With any new horse I tend to spend a while just getting to know eachother, building a good, positive relationship first without asking too much of anything, and regardless of their level of training, I start out with the absolute basics & work my way up. That way, you can just skim through all the stuff that he's good at, reinforcing the behaviour and your relationship with him in the process, but you can also find any 'holes' in his training at the foundation level and teach him better, rather than starting with the 'high school' type stuff & trying to sort out probs there.

These days people tend to give more weight to 'manners' and training the horse well on the ground, but still, there are many who just overlook these bits, in favour of just getting them going under saddle.
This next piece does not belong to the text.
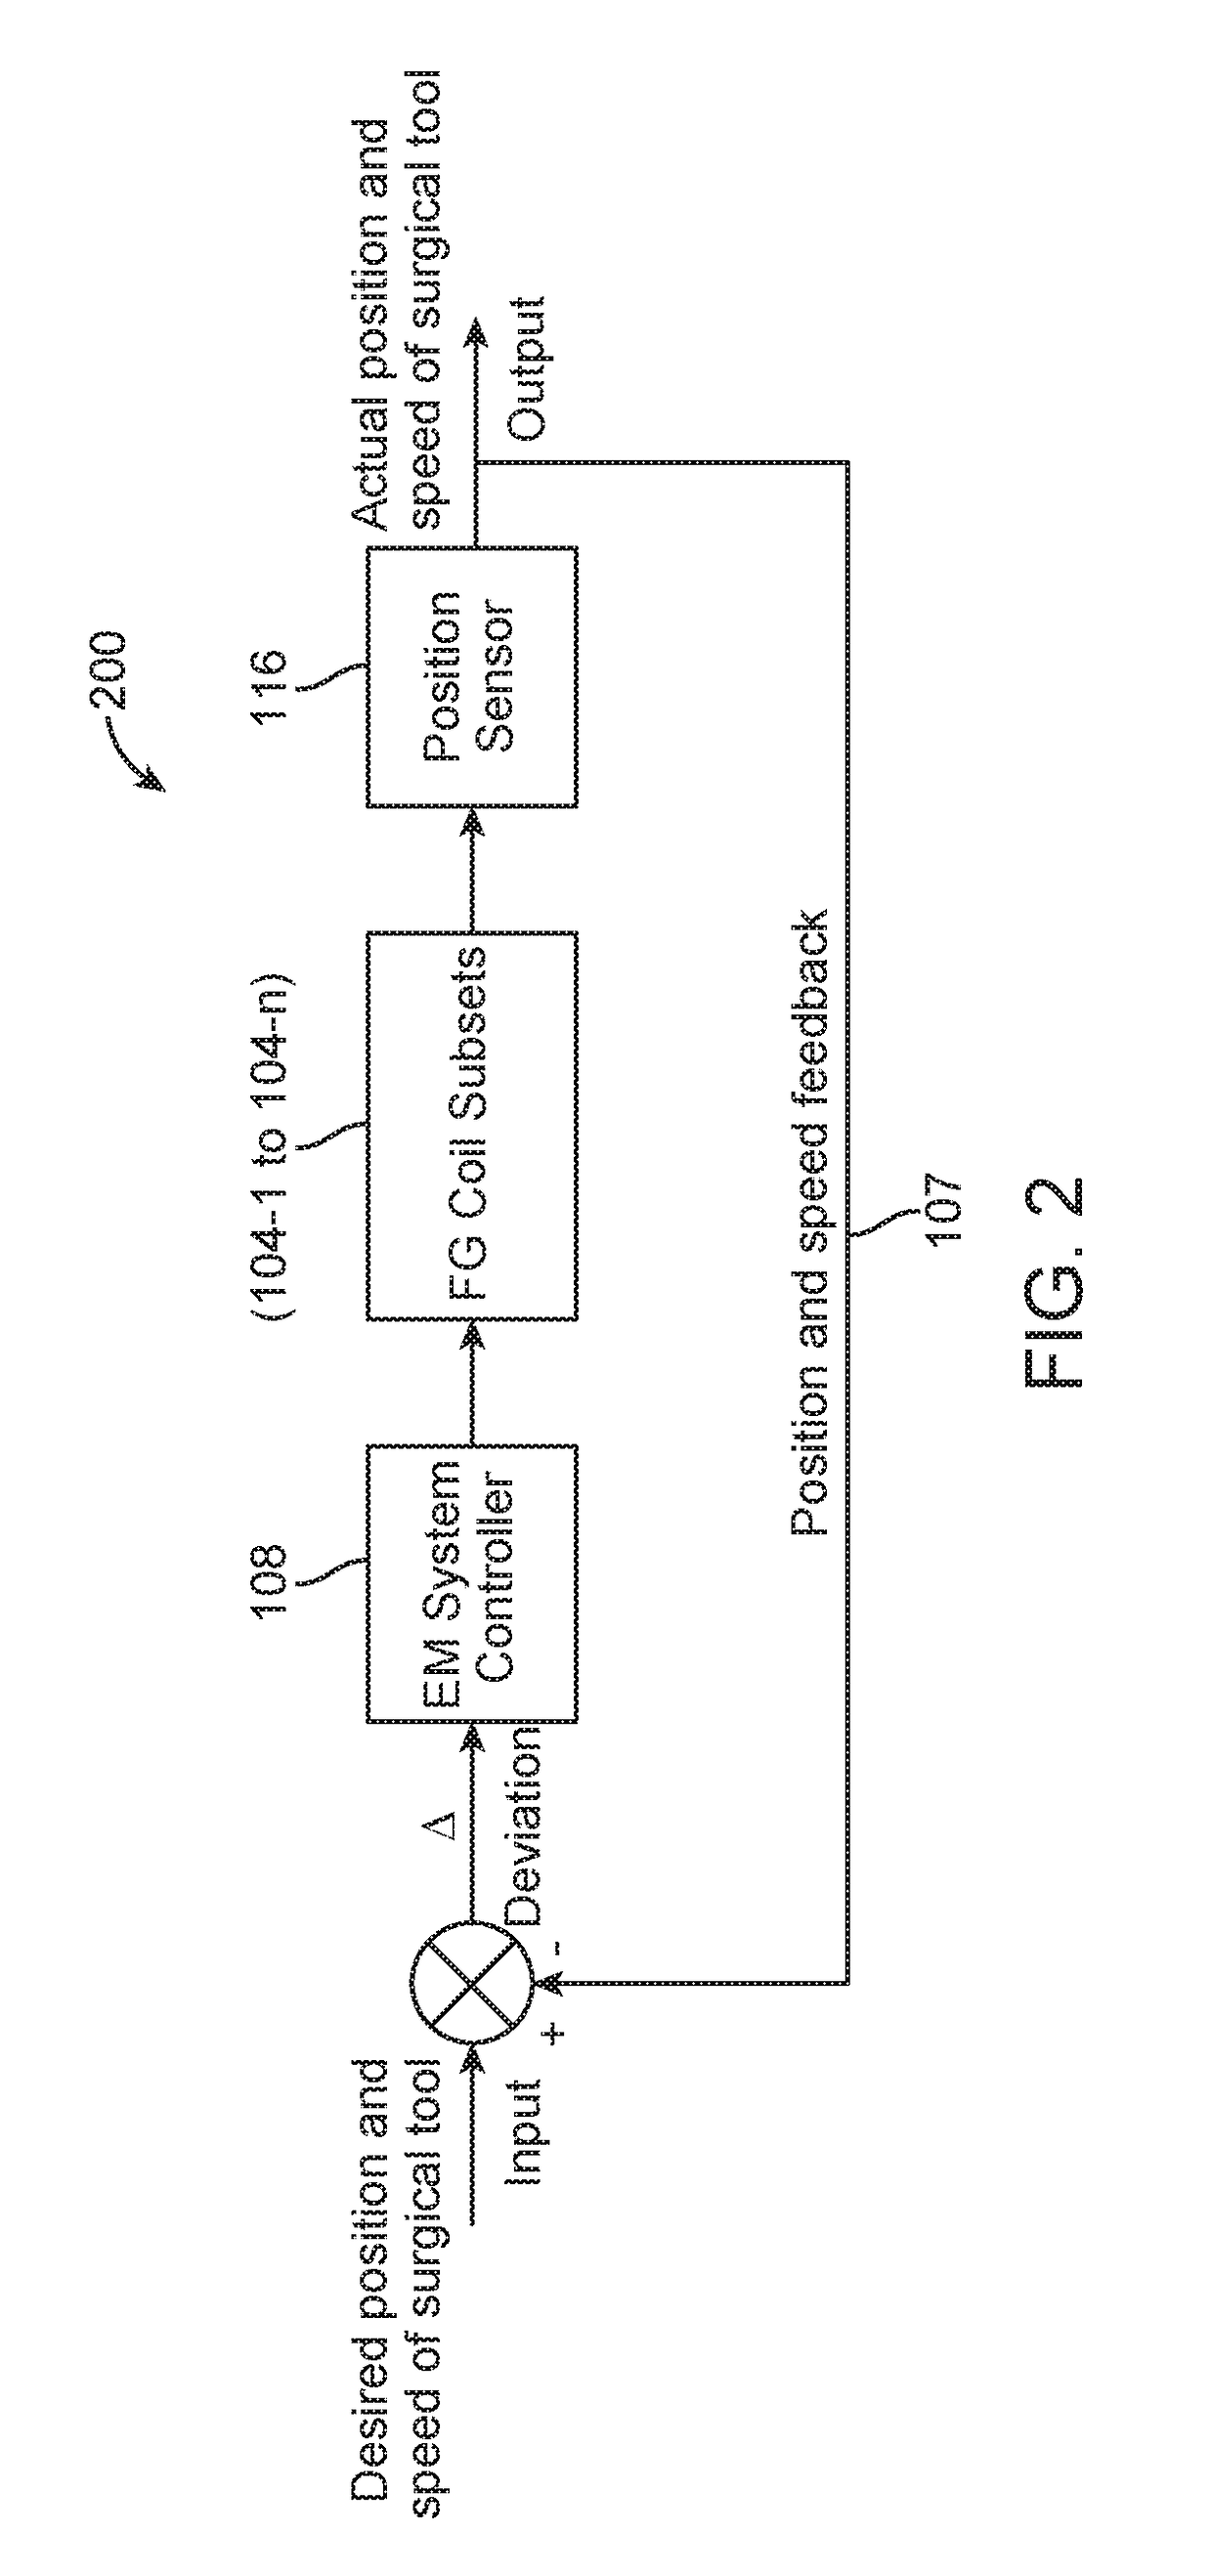 Electromagnetic tracking surgical system and method of controlling the same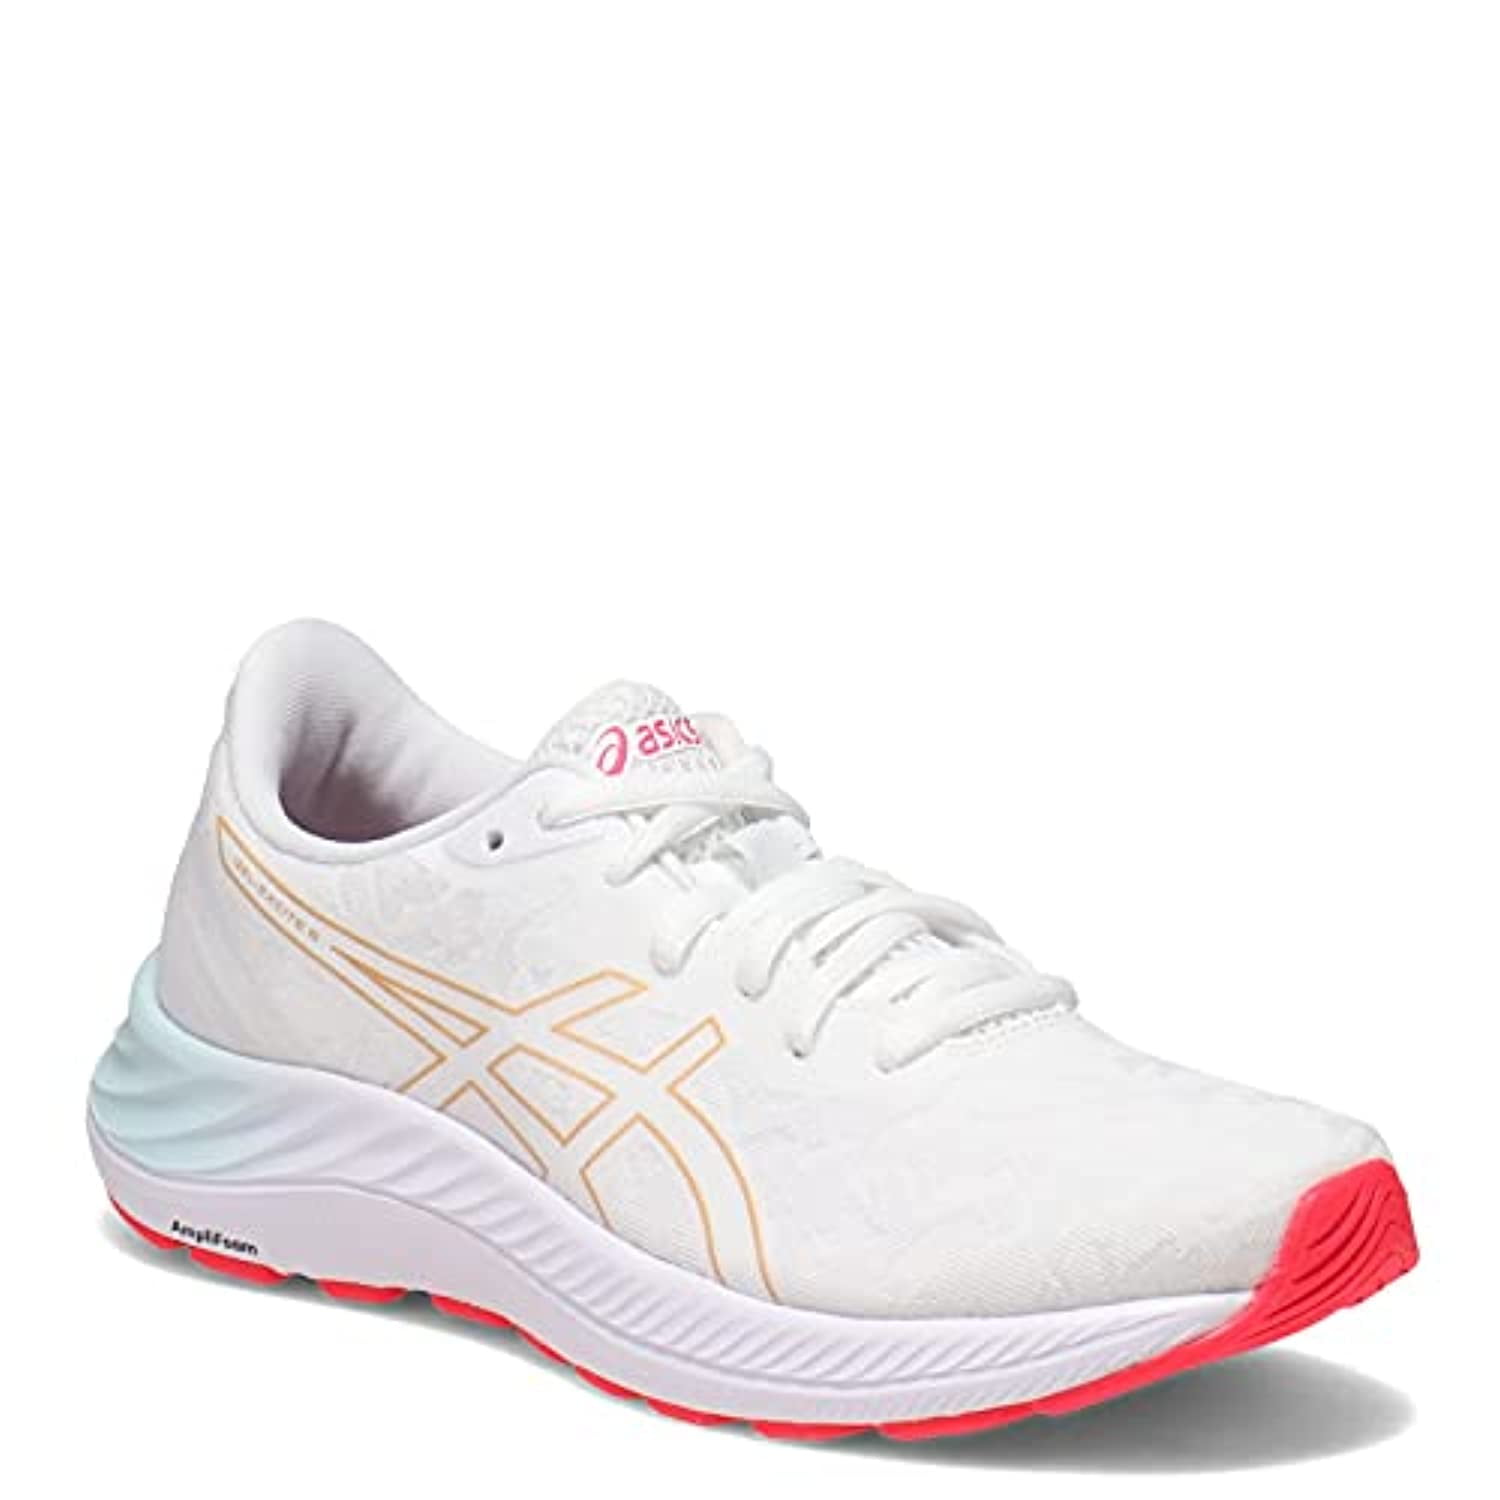 ASICS Women's Gel-Excite 8 Twist Running Shoes, 8, White/Champagne

Therefore, bad 'manners' are still a very common problem. Can't blame the horse, it's just that they haven't learned or been taught effectively how to behave around people. Teaching manners is firstly a matter of working out what behaviours you want & don't want, so you can be consistent about making sure the 'good' behaviours work for the horse & the 'bad' behaviours never do. Unless it's a dangerous behaviour, most of the time I prefer to ignore, rather than punish 'wrong' stuff, but whether or not you do this, timing is extremely important and you need to punish/reinforce the behaviour *at the time it happens* or at worst, within 2 seconds max, so it's possible for the horse to connect cause & effect. And whether or not you punish the 'bad' stuff, it is way more important to ensure you reward/reinforce the 'good' stuff.